During its early years of operation, day-to-day operations of CCRIF were handled by Caribbean Risk Managers Limited (CaribRM), who acted as the facility supervisor. In 2013, Isaac Anthony, previously a member of the Board of Directors of CCRIF and the Permanent Secretary for Planning and National Development in the Government of St Lucia, was appointed the first Chief Executive Officer.

In 2014, CCRIF reorganized into a segregated portfolio company, or SPC. CCRIF SPC began to offer its portfolio of insurance products to countries in Central America, including members of the Council of Ministers of Finance of Central America, Panama and the Dominican Republic (COSEFIN). And in 2014, CCRIF SPC also was the first company to participate in the World Bank Capital-at-Risk Notes Program to diversify its sources of risk capital.

At the G7 leaders summit in 2015, CCRIF SPC was highlighted as an example to be used, "... to increase by up to 400 million the number of people in the most vulnerable developing countries who have access to direct or indirect insurance coverage against the negative impact of climate change related hazards by 2020..." At the 2015 United Nations Climate Change Conference in Paris, Ban Ki-moon, Secretary General of the United Nations, mentioned CCRIF SPC as an example as he launched an initiative on climate resilience that included increased access to insurance, and President Obama announced a commitment of $30 million by the United States government to provide additional insurance through platforms, including CCRIF, in his remarks to the Alliance of Small Island States at the Paris Conference.

In 2016, the World Bank announced the Pandemic Emergency Facility built using CCRIF SPC as a model.

== Parametric Insurance Products ==
=== Earthquake ===
Updated in 2019 to use the SPHERA model (System for Probabilistic Hazard Evaluation and Risk Assessment), the CCRIF earthquake insurance product is built from a number of components including the exposure module, hazard module, vulnerability module, and loss module. All of these components contribute to the insurance module, which is used to calculate the premium, the conditions under which a country's policy is triggered, and the amount of payout in the event of trigger.

=== Tropical cyclone ===
Updated in 2019 to use the SPHERA model (System for Probabilistic Hazard Evaluation and Risk Assessment), the CCRIF tropical cyclone insurance product is based on a probabilistic assessment of the risk of events and induced losses including near real-time estimates of damages to infrastructure due to windspeed and storm surge. A combination of exposure, hazard, vulnerability, and loss modules are used to creates the final insurance policy including attachment and exhaustion points used for pricing and payouts.

=== Excess rainfall ===
In 2014, CCRIF expanded its product line to include parametric insurance for excess rainfall.

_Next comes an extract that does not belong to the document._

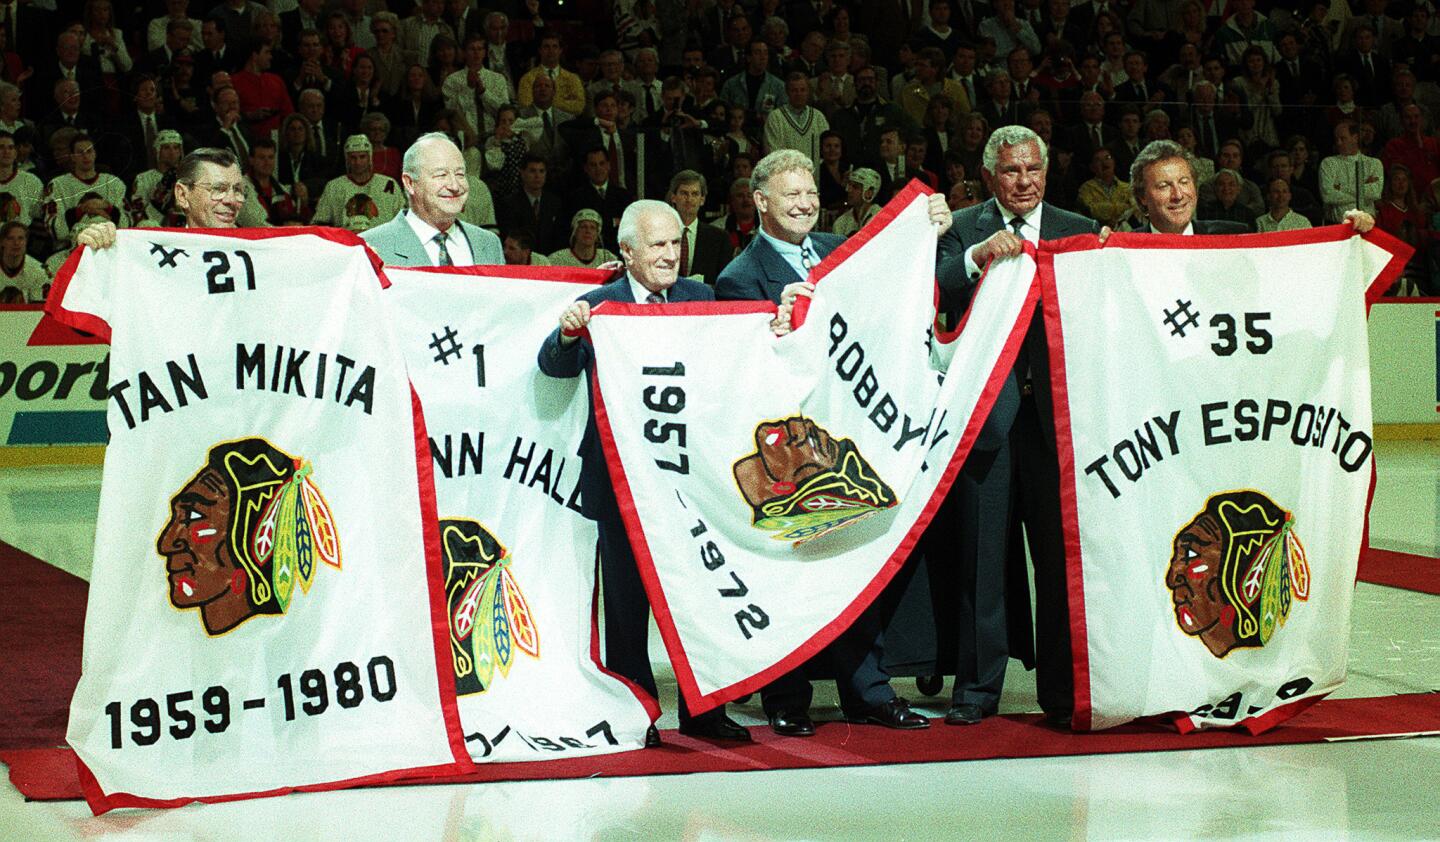 Former Blackhawks players pose with their retired jersey numbers on banners during a ceremony at the old Chicago Stadium before the start of the last regular season Hawks game there in 1994. Stan Mikita, from left, Glenn Hall, former GM Tommy Ivan, Bobby Hull, Hawks owner Bill Wirtz and Tony Esposito.

=== Fisheries Sector (COAST) ===
In 2016, the World Bank announced a partnership with CCRIF SPC to create a new insurance product to protect food security and promote the resilience of the small-scale fisheries sector in the Caribbean. In 2019, CCRIF SPC offered the Caribbean Ocean and Aquaculture Sustainability faciliTy (COAST) insurance product as a pilot in the countries of St Lucia and Grenada. The COAST product was renewed in 2020 and again in 2021. During the 2021 United Nations Climate Change Conference, the Republic of Ireland announced a gift of one million euros to support the expansion of COAST to additional countries. COAST has been studied as an instrument of science diplomacy promoting finance for development to support climate resilience by linking adaptive social safety nets for individuals, community-level weather risks, and a sovereign financial instrument. The first triggered payment of COAST was more than $1 million to Grenada following Hurricane Beryl in 2024.

=== Electric utilities sector ===
In 2020, CCRIF SPC announced the offering of a new parametric product for electric utilities. This is the first parametric product by CCRIF SPC to target private firms.